----- Source material -----

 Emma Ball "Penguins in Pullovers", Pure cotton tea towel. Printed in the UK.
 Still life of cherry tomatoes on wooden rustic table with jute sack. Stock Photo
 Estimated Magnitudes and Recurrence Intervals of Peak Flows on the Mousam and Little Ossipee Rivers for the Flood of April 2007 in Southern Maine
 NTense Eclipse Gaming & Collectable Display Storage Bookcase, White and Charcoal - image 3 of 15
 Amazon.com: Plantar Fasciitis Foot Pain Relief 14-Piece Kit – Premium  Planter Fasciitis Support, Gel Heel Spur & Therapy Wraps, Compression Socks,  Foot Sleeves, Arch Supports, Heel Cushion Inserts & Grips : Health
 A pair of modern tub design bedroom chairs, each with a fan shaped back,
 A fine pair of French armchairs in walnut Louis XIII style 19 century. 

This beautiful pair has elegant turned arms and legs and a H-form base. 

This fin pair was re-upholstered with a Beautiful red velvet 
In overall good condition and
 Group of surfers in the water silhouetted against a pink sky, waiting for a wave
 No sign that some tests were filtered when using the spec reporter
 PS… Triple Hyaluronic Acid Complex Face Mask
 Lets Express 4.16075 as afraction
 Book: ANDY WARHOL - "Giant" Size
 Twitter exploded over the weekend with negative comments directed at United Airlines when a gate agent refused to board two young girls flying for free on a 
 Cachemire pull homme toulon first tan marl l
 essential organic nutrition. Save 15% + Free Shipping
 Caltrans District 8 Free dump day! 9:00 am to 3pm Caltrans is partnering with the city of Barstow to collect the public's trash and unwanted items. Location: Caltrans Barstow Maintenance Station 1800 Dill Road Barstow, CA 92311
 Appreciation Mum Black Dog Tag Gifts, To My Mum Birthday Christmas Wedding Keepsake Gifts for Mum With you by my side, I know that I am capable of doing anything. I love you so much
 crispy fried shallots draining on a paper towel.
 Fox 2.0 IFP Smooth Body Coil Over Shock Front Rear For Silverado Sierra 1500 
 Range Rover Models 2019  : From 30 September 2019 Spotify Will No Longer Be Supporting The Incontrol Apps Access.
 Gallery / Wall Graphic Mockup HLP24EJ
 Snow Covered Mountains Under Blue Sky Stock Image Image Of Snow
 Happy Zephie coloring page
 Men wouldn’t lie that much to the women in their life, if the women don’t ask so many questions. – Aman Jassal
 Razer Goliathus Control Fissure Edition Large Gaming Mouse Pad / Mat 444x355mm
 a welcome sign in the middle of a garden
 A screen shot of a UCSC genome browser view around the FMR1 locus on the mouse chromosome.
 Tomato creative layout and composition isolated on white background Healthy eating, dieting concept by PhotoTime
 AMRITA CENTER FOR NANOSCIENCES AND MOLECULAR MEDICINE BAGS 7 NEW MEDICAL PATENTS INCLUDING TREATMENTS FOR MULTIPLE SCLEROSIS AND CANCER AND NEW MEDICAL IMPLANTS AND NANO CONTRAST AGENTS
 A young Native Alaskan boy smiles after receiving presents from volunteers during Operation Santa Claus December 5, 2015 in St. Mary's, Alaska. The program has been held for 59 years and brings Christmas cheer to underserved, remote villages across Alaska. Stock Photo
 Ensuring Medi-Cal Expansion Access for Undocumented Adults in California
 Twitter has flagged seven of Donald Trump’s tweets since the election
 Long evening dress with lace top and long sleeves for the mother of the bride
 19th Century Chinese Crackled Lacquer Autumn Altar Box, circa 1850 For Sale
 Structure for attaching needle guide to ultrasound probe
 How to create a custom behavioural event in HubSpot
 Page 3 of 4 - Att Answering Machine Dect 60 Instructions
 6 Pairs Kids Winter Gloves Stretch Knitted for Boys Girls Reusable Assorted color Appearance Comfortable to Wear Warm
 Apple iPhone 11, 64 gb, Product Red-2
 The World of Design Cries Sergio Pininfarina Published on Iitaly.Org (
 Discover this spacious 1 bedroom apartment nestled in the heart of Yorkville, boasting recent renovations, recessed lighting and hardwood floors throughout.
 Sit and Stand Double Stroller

-----

* **Aim of the exercise**
Would you retype the listing above in full, exactly as it reads?

* **Task solution**
 Emma Ball "Penguins in Pullovers", Pure cotton tea towel. Printed in the UK.
 Still life of cherry tomatoes on wooden rustic table with jute sack. Stock Photo
 Estimated Magnitudes and Recurrence Intervals of Peak Flows on the Mousam and Little Ossipee Rivers for the Flood of April 2007 in Southern Maine
 NTense Eclipse Gaming & Collectable Display Storage Bookcase, White and Charcoal - image 3 of 15
 Amazon.com: Plantar Fasciitis Foot Pain Relief 14-Piece Kit – Premium  Planter Fasciitis Support, Gel Heel Spur & Therapy Wraps, Compression Socks,  Foot Sleeves, Arch Supports, Heel Cushion Inserts & Grips : Health
 A pair of modern tub design bedroom chairs, each with a fan shaped back,
 A fine pair of French armchairs in walnut Louis XIII style 19 century. 

This beautiful pair has elegant turned arms and legs and a H-form base. 

This fin pair was re-upholstered with a Beautiful red velvet 
In overall good condition and
 Group of surfers in the water silhouetted against a pink sky, waiting for a wave
 No sign that some tests were filtered when using the spec reporter
 PS… Triple Hyaluronic Acid Complex Face Mask
 Lets Express 4.16075 as afraction
 Book: ANDY WARHOL - "Giant" Size
 Twitter exploded over the weekend with negative comments directed at United Airlines when a gate agent refused to board two young girls flying for free on a 
 Cachemire pull homme toulon first tan marl l
 essential organic nutrition. Save 15% + Free Shipping
 Caltrans District 8 Free dump day! 9:00 am to 3pm Caltrans is partnering with the city of Barstow to collect the public's trash and unwanted items. Location: Caltrans Barstow Maintenance Station 1800 Dill Road Barstow, CA 92311
 Appreciation Mum Black Dog Tag Gifts, To My Mum Birthday Christmas Wedding Keepsake Gifts for Mum With you by my side, I know that I am capable of doing anything. I love you so much
 crispy fried shallots draining on a paper towel.
 Fox 2.0 IFP Smooth Body Coil Over Shock Front Rear For Silverado Sierra 1500 
 Range Rover Models 2019  : From 30 September 2019 Spotify Will No Longer Be Supporting The Incontrol Apps Access.
 Gallery / Wall Graphic Mockup HLP24EJ
 Snow Covered Mountains Under Blue Sky Stock Image Image Of Snow
 Happy Zephie coloring page
 Men wouldn’t lie that much to the women in their life, if the women don’t ask so many questions. – Aman Jassal
 Razer Goliathus Control Fissure Edition Large Gaming Mouse Pad / Mat 444x355mm
 a welcome sign in the middle of a garden
 A screen shot of a UCSC genome browser view around the FMR1 locus on the mouse chromosome.
 Tomato creative layout and composition isolated on white background Healthy eating, dieting concept by PhotoTime
 AMRITA CENTER FOR NANOSCIENCES AND MOLECULAR MEDICINE BAGS 7 NEW MEDICAL PATENTS INCLUDING TREATMENTS FOR MULTIPLE SCLEROSIS AND CANCER AND NEW MEDICAL IMPLANTS AND NANO CONTRAST AGENTS
 A young Native Alaskan boy smiles after receiving presents from volunteers during Operation Santa Claus December 5, 2015 in St. Mary's, Alaska. The program has been held for 59 years and brings Christmas cheer to underserved, remote villages across Alaska. Stock Photo
 Ensuring Medi-Cal Expansion Access for Undocumented Adults in California
 Twitter has flagged seven of Donald Trump’s tweets since the election
 Long evening dress with lace top and long sleeves for the mother of the bride
 19th Century Chinese Crackled Lacquer Autumn Altar Box, circa 1850 For Sale
 Structure for attaching needle guide to ultrasound probe
 How to create a custom behavioural event in HubSpot
 Page 3 of 4 - Att Answering Machine Dect 60 Instructions
 6 Pairs Kids Winter Gloves Stretch Knitted for Boys Girls Reusable Assorted color Appearance Comfortable to Wear Warm
 Apple iPhone 11, 64 gb, Product Red-2
 The World of Design Cries Sergio Pininfarina Published on Iitaly.Org (
 Discover this spacious 1 bedroom apartment nestled in the heart of Yorkville, boasting recent renovations, recessed lighting and hardwood floors throughout.
 Sit and Stand Double Stroller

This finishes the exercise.